• [EXERCISE DESCRIPTION] The goal is a clean copy of all the data below, with pictures dropped and everything else retyped exactly.

---- COLLECTED MATERIAL

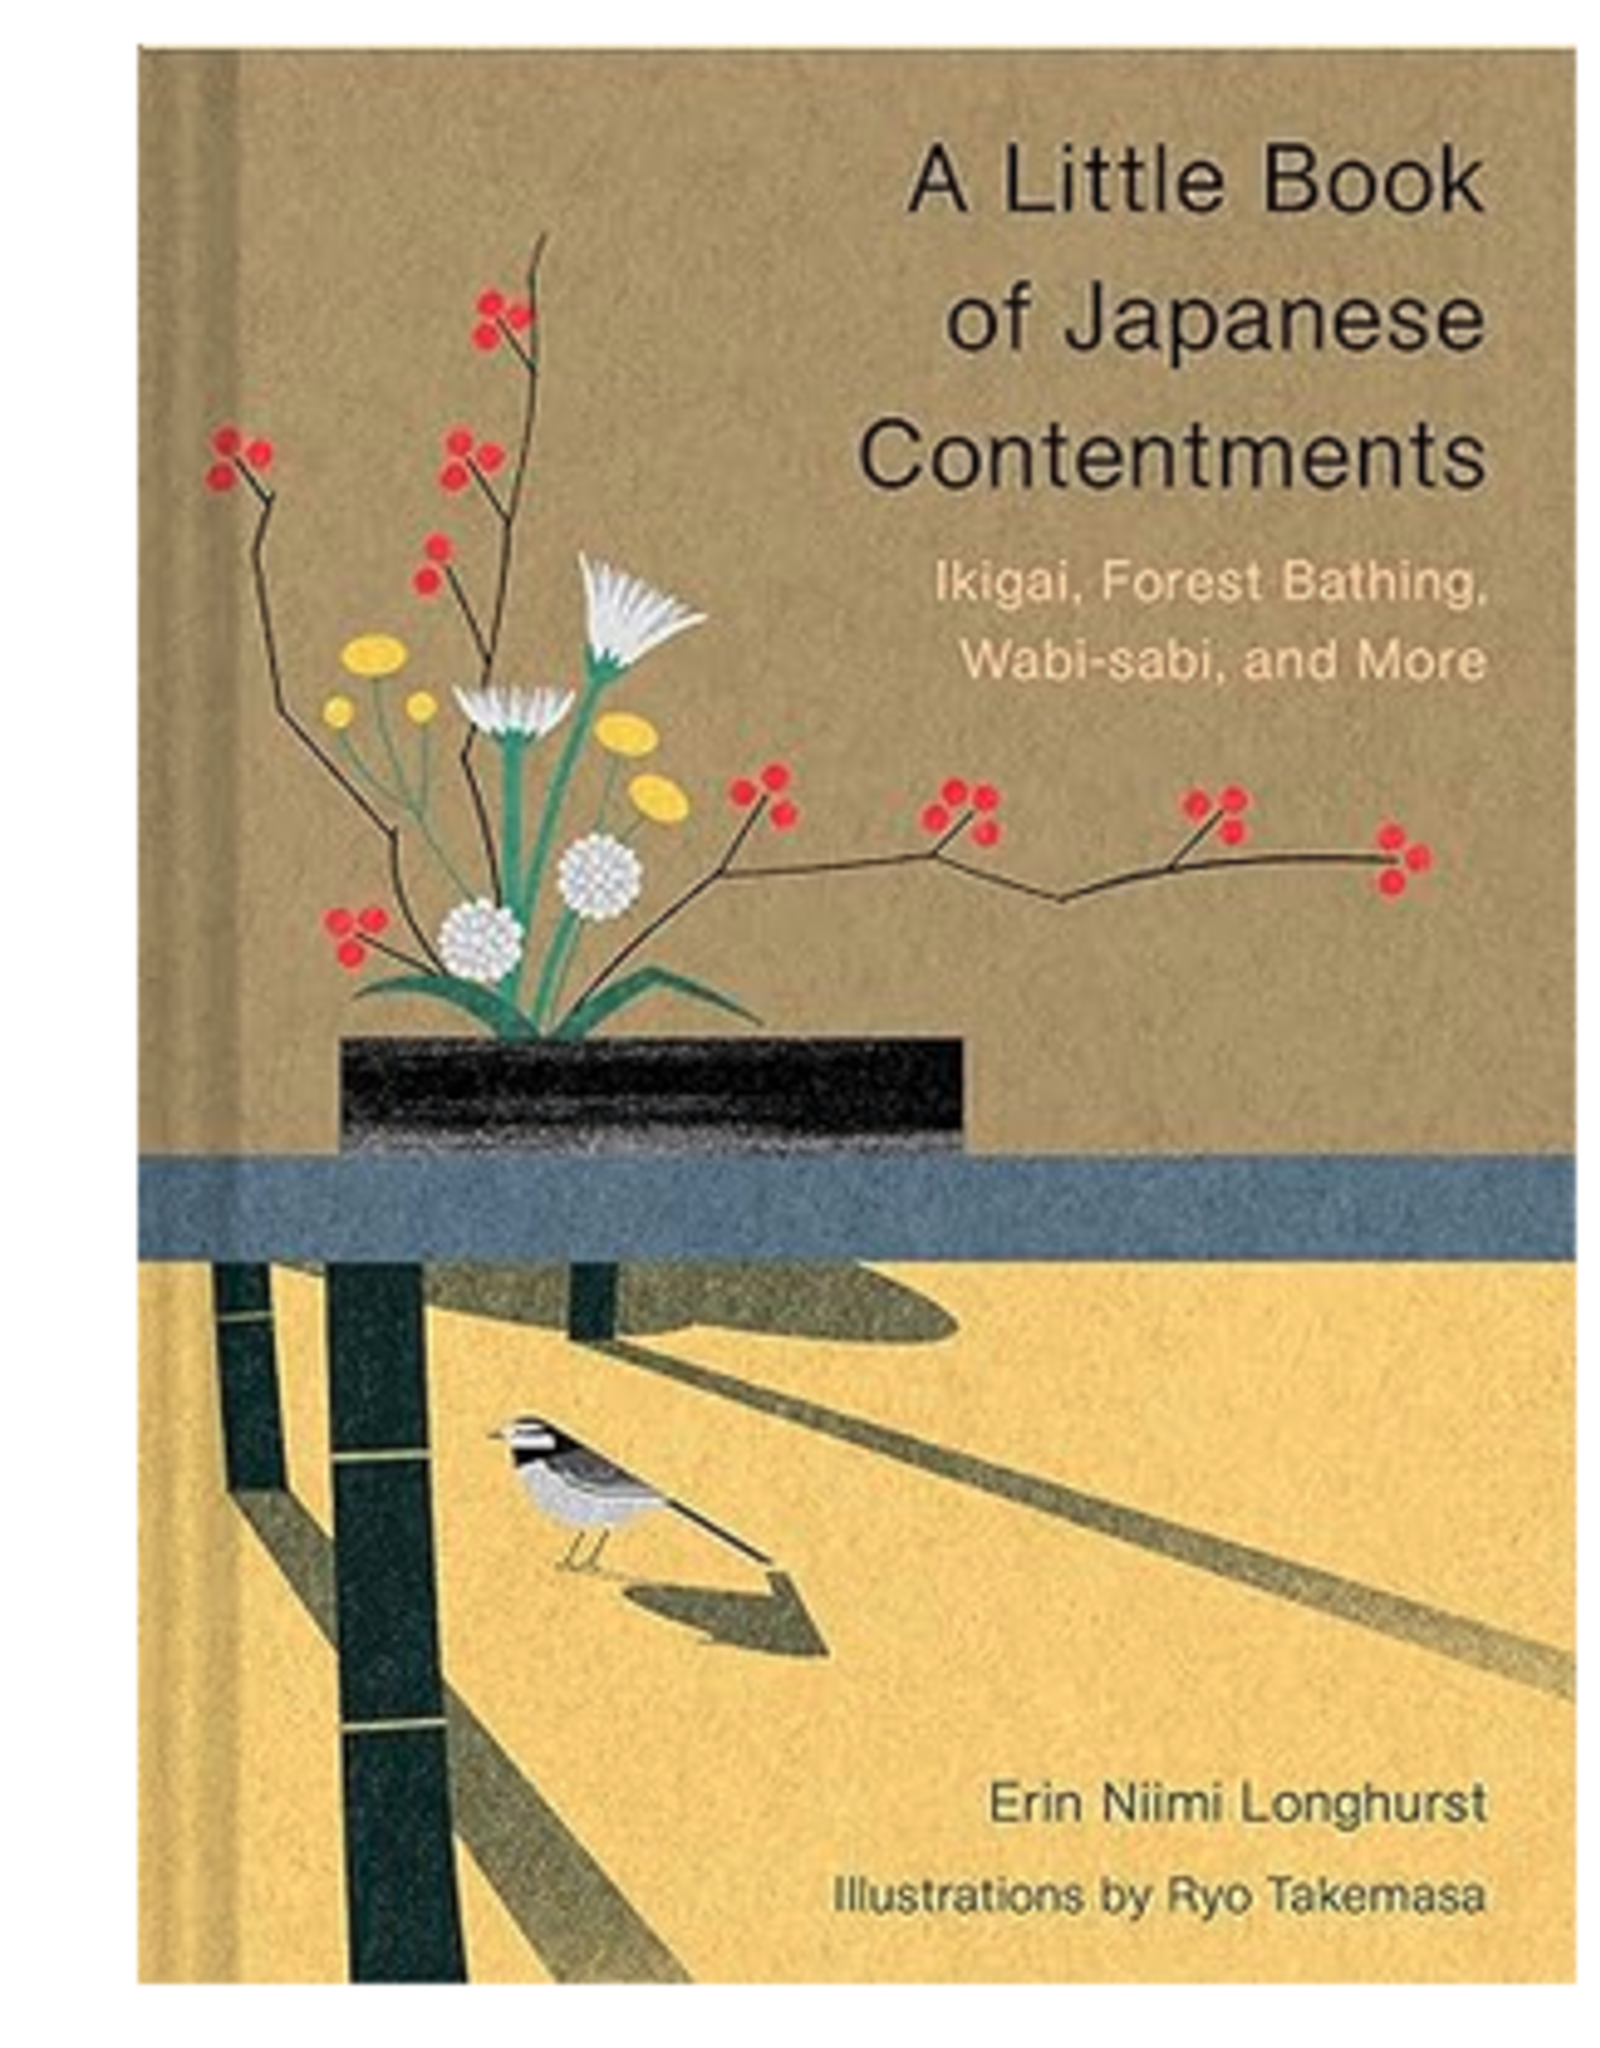 A Little Book of Japanese Contentments
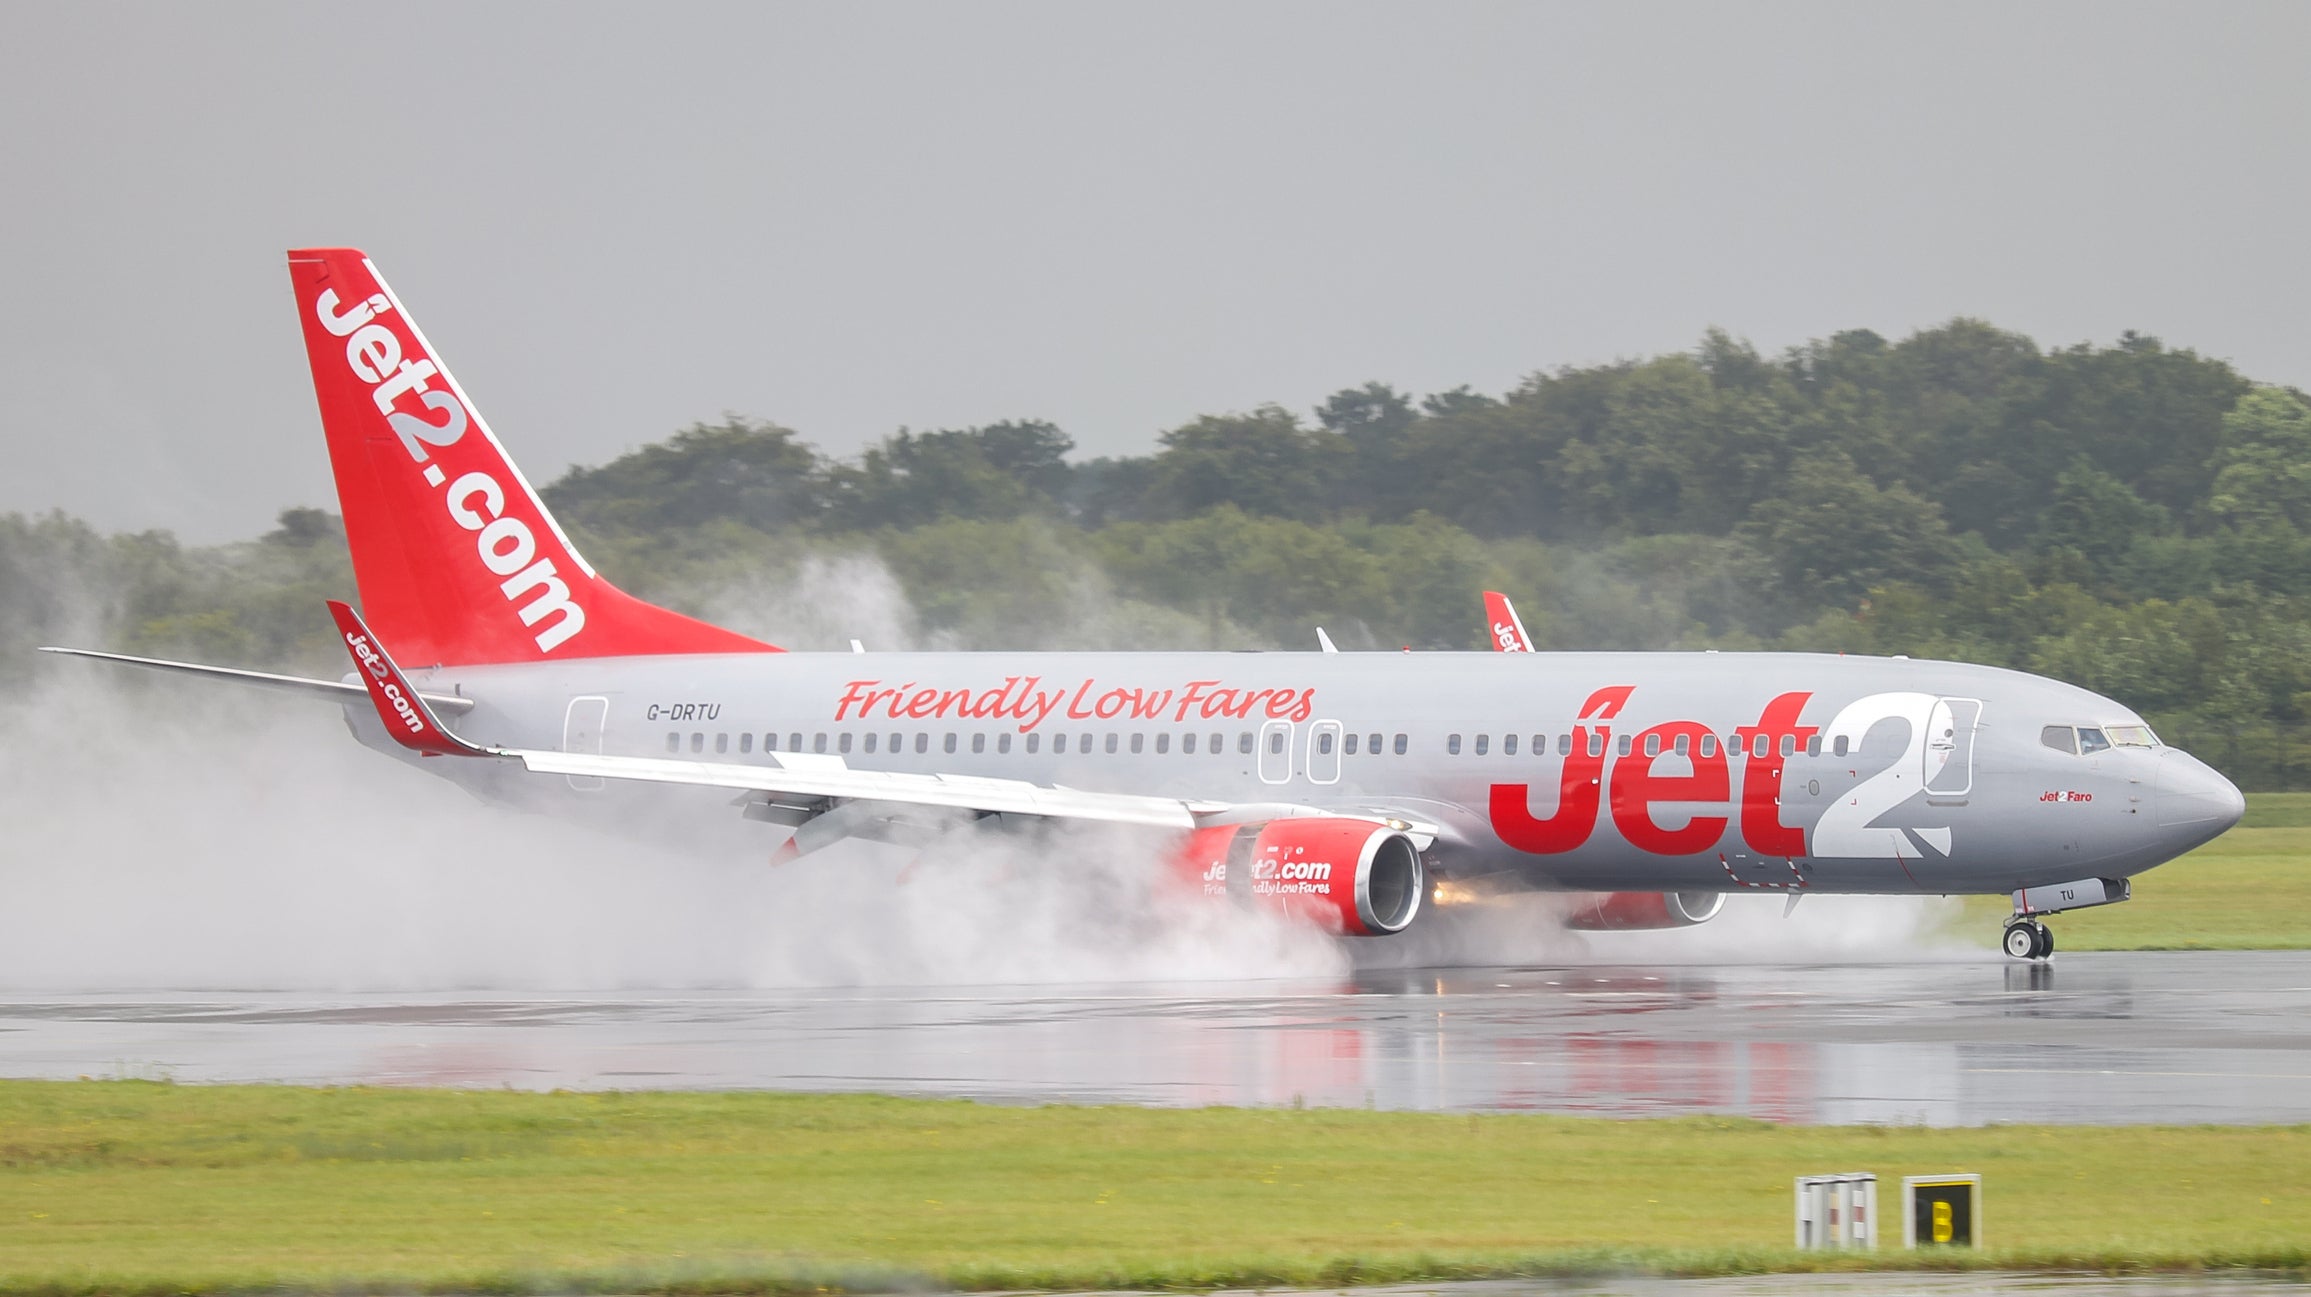 A Jet2 Boeing 737 touches down at Manchester Airport
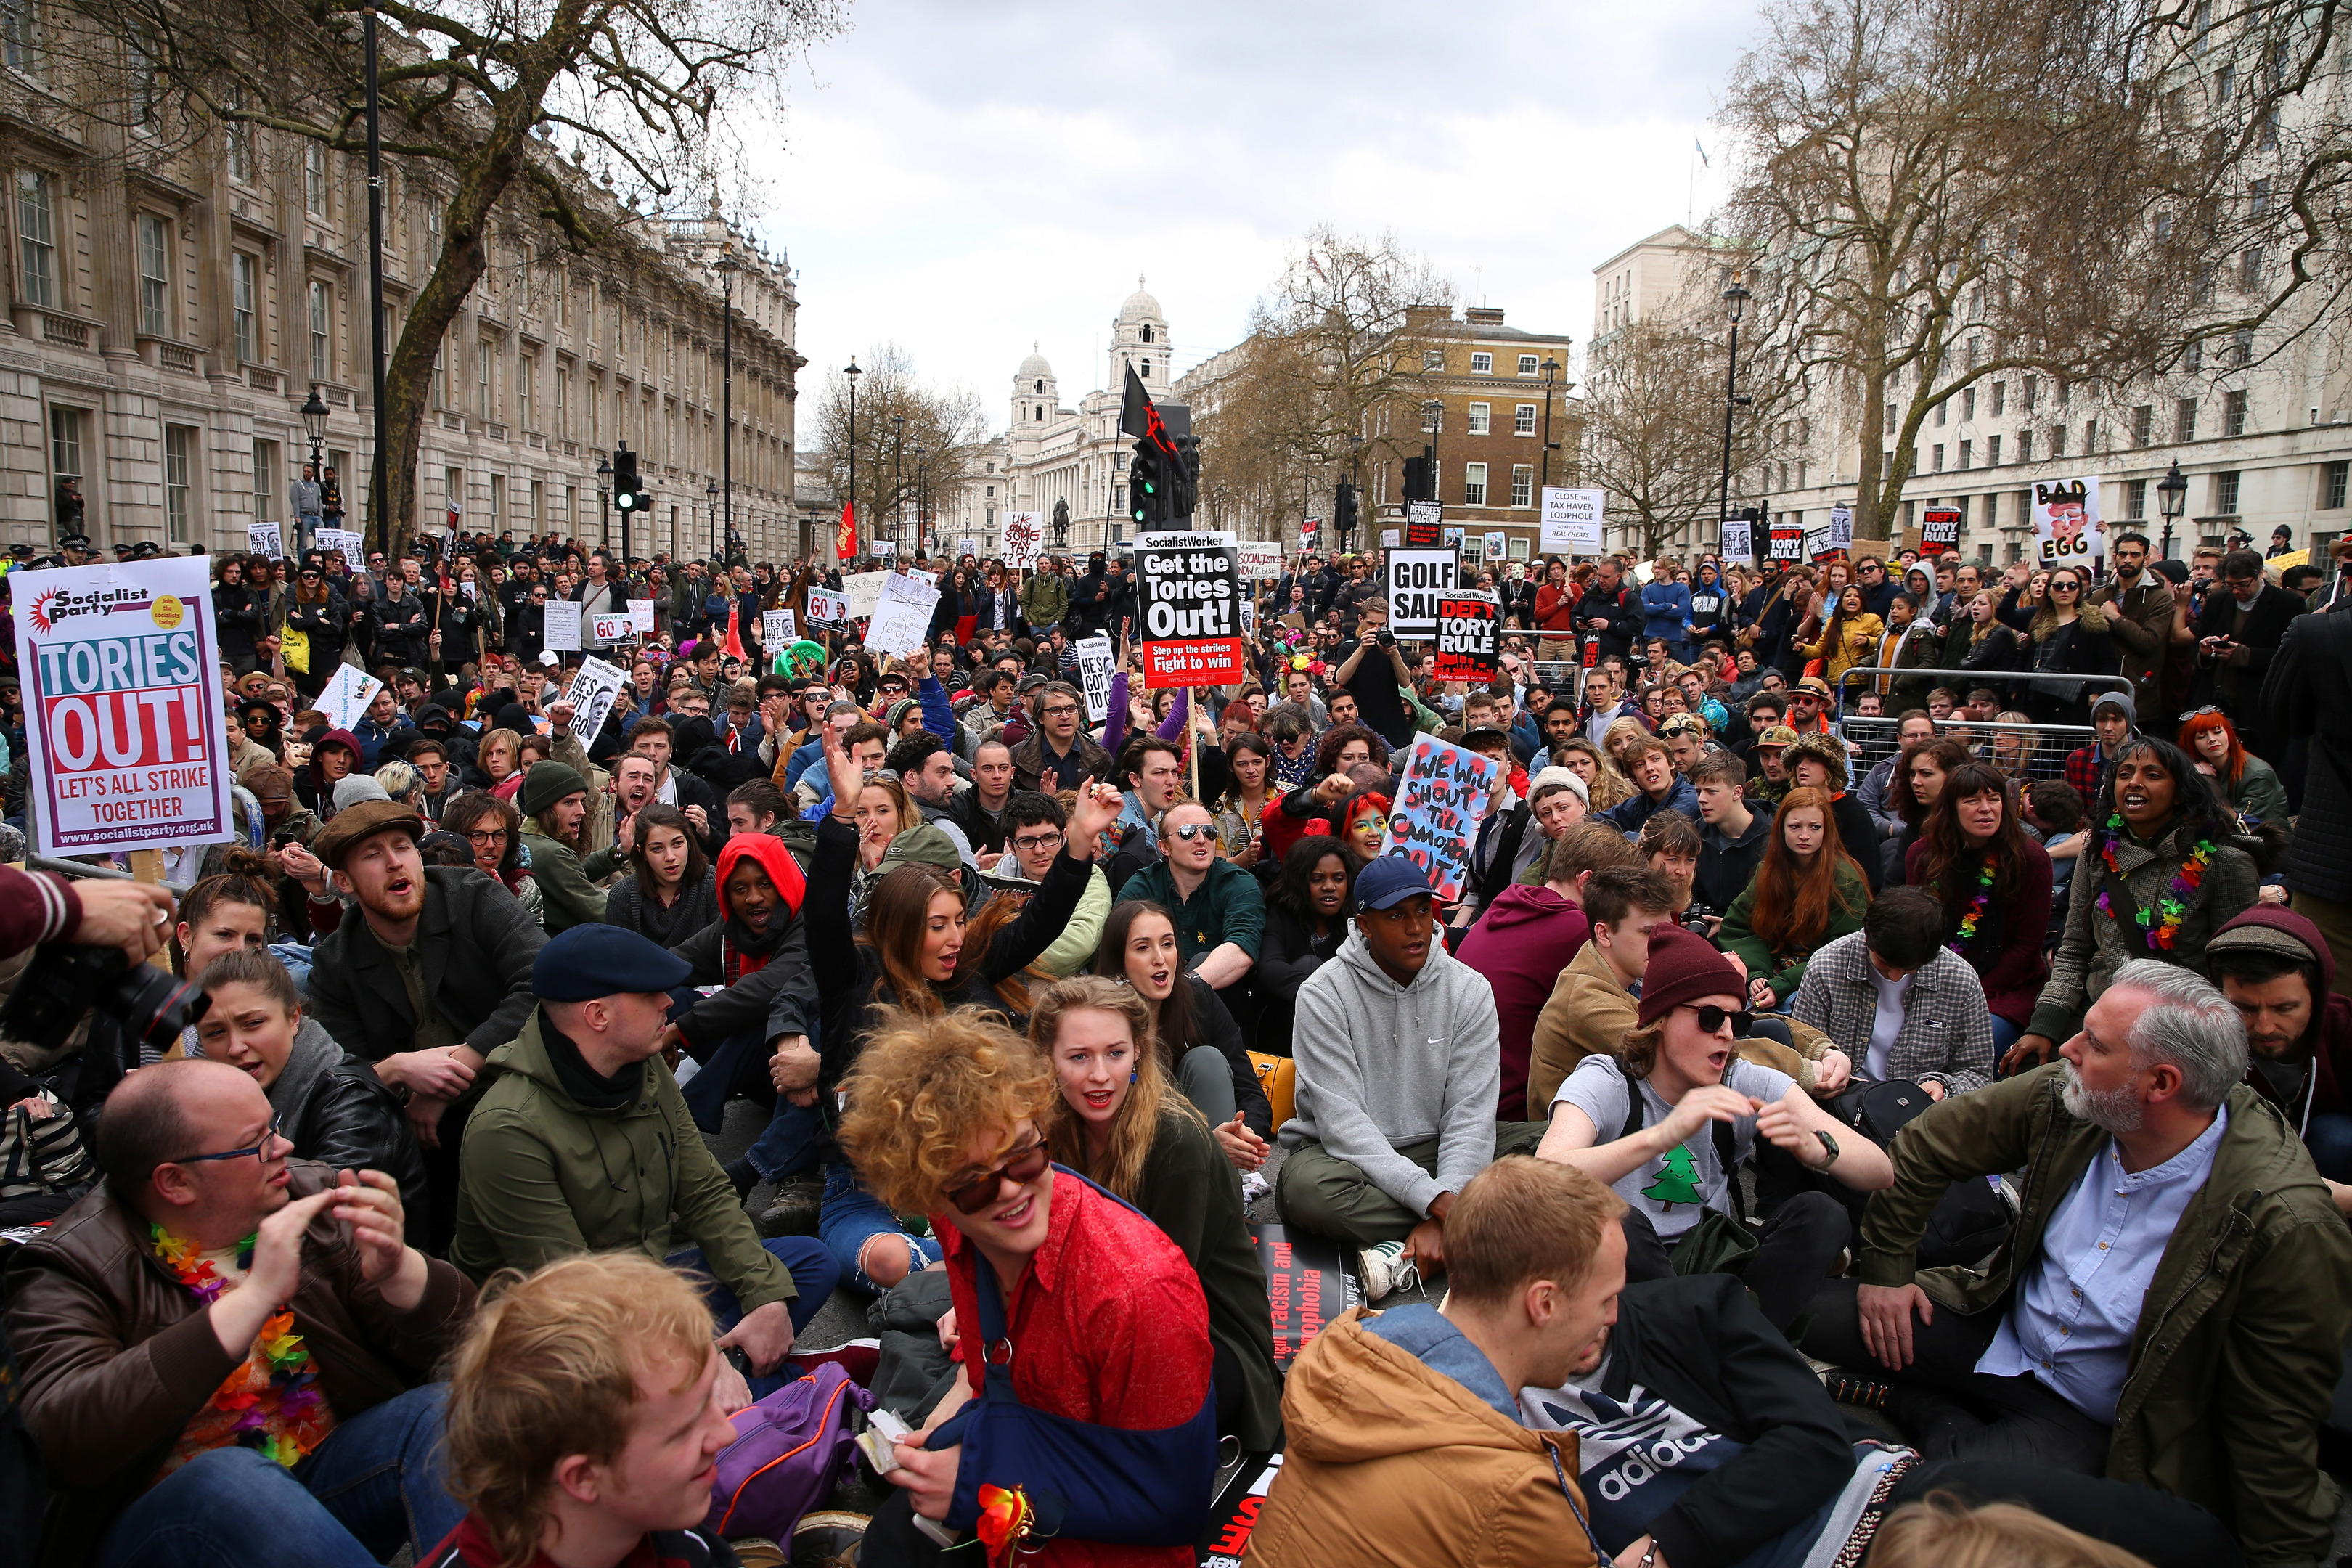 Demonstrators sit down in protest outside Downing Street (Dan Kitwood/Getty Images)

--------

• [RESPONSE TO THIS TASK]
 A Little Book of Japanese Contentments
 A Jet2 Boeing 737 touches down at Manchester Airport
 Demonstrators sit down in protest outside Downing Street (Dan Kitwood/Getty Images)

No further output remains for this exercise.